# rockb's manzanita



## DKMD (Apr 25, 2012)

I was lucky enough to purchase a nice manzanita burl from rockb right here on Woodbarter, so I thought I'd share the finished project. This hollowform is about 7 or 8" tall and almost as wide(I rarely measure anything). It's finished with a good buffing and a coat of renaissance wax… This stuff doesn't really need a finish!

Thanks to Rocky for sharing his beautiful manzanita burl with me! I forgot to take a photo of the piece before I turned it, but maybe Rocky kept a photo from the listing thread… If you did, Rocky, feel free to post it.

Comments, criticism, and suggestions always appreciated!

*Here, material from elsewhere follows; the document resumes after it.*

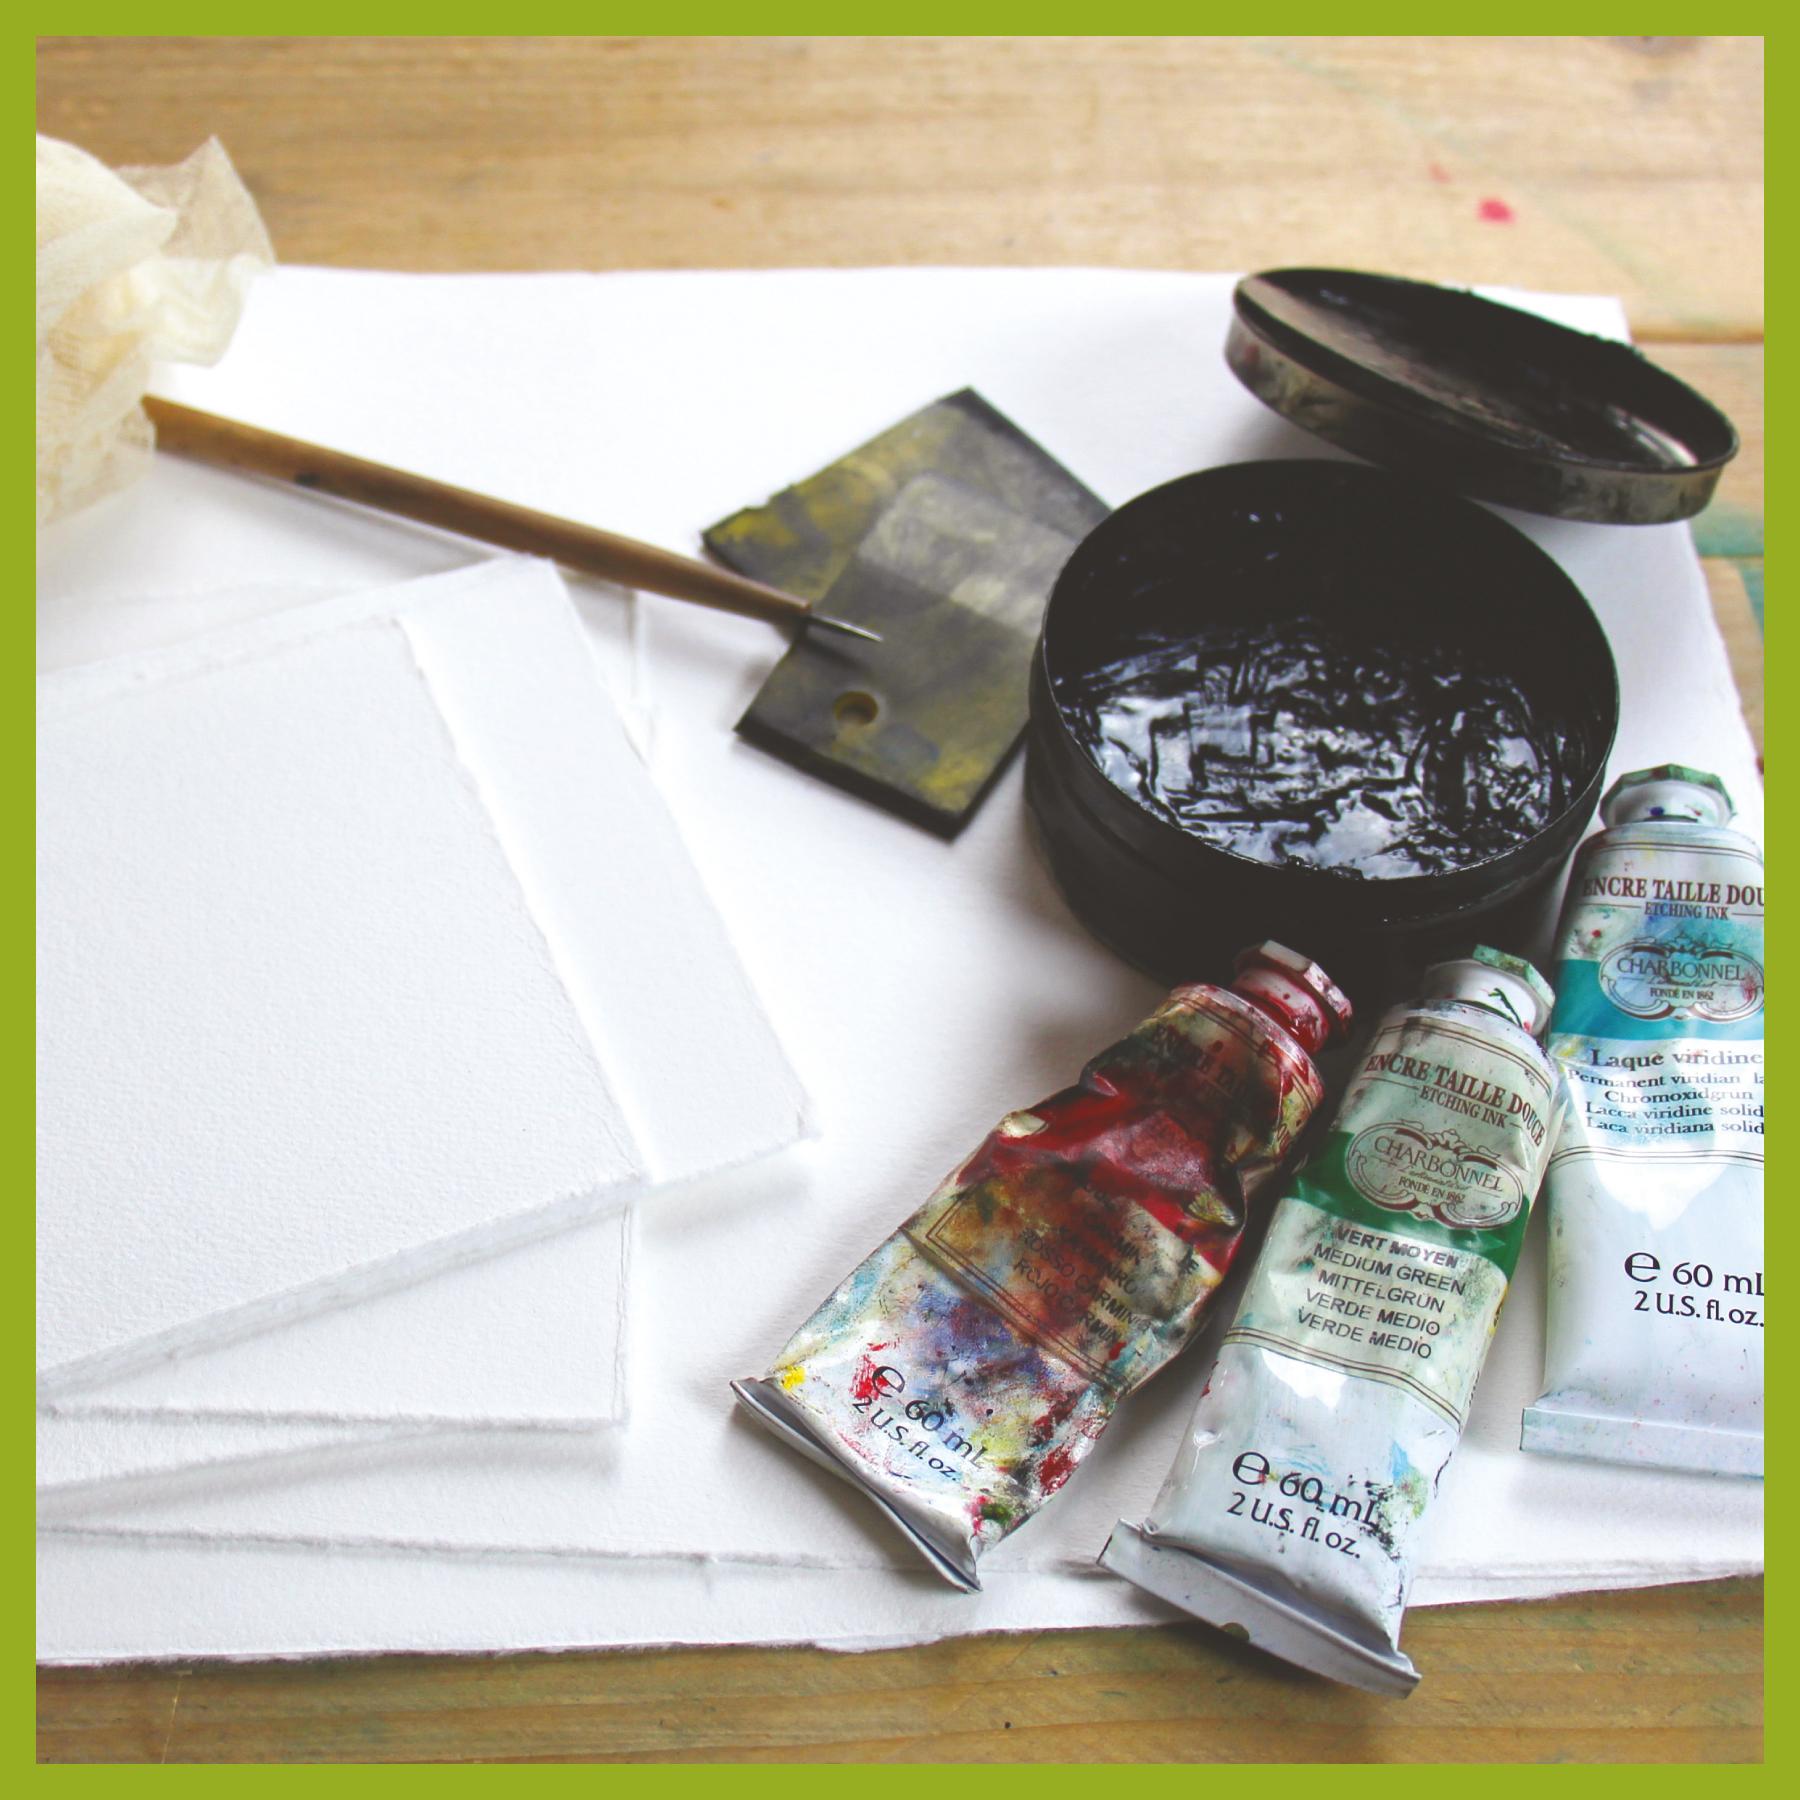 Arbeitsmaterial für die Herstellung einer Radierung. Büttenpapier, Tiefdruckfarbe, Radiernadel, Spachtel und Gaze.

[attachment=4755][attachment=4756]
[attachment=4757][attachment=4758]
[attachment=4759][attachment=4760]


----------



## Mike1950 (Apr 25, 2012)

Beautiful piece of wood and workmanship.


----------



## brown down (Apr 25, 2012)

i like that a lot outstanding job


----------



## West River WoodWorks (Apr 25, 2012)

That is absolutely beautiful!!!

I purchased a piece from Rocky also, and I just had bangleguy stabilize it for me.
How was it turning? 

Any suggestions for turning this kind of burl?
Thanks for sharing your photos!
Tom


----------



## DKMD (Apr 25, 2012)

Thanks folks!



West River WoodWorks said:


> That is absolutely beautiful!!!
> 
> I purchased a piece from Rocky also, and I just had bangleguy stabilize it for me.
> How was it turning?
> ...



It's fairly hard but not as bad as the Aussie burls. I found it to cut well and scrape well with sharp tools. This piece was full of cracks and voids as you can see, but it held together quite well without any kind of tape or wrap. Honestly, I found it to be a pleasant experience. The stabilizing will change the characteristics a bit, but I doubt this stuff soaks up too much resin given how dense it is… Give it a spin!


----------



## Dane Fuller (Apr 25, 2012)

Excellent piece, David. Like I said in the other forum, I love the NE opening and the small foot. The voids make it even better!


----------



## EricJS (Apr 25, 2012)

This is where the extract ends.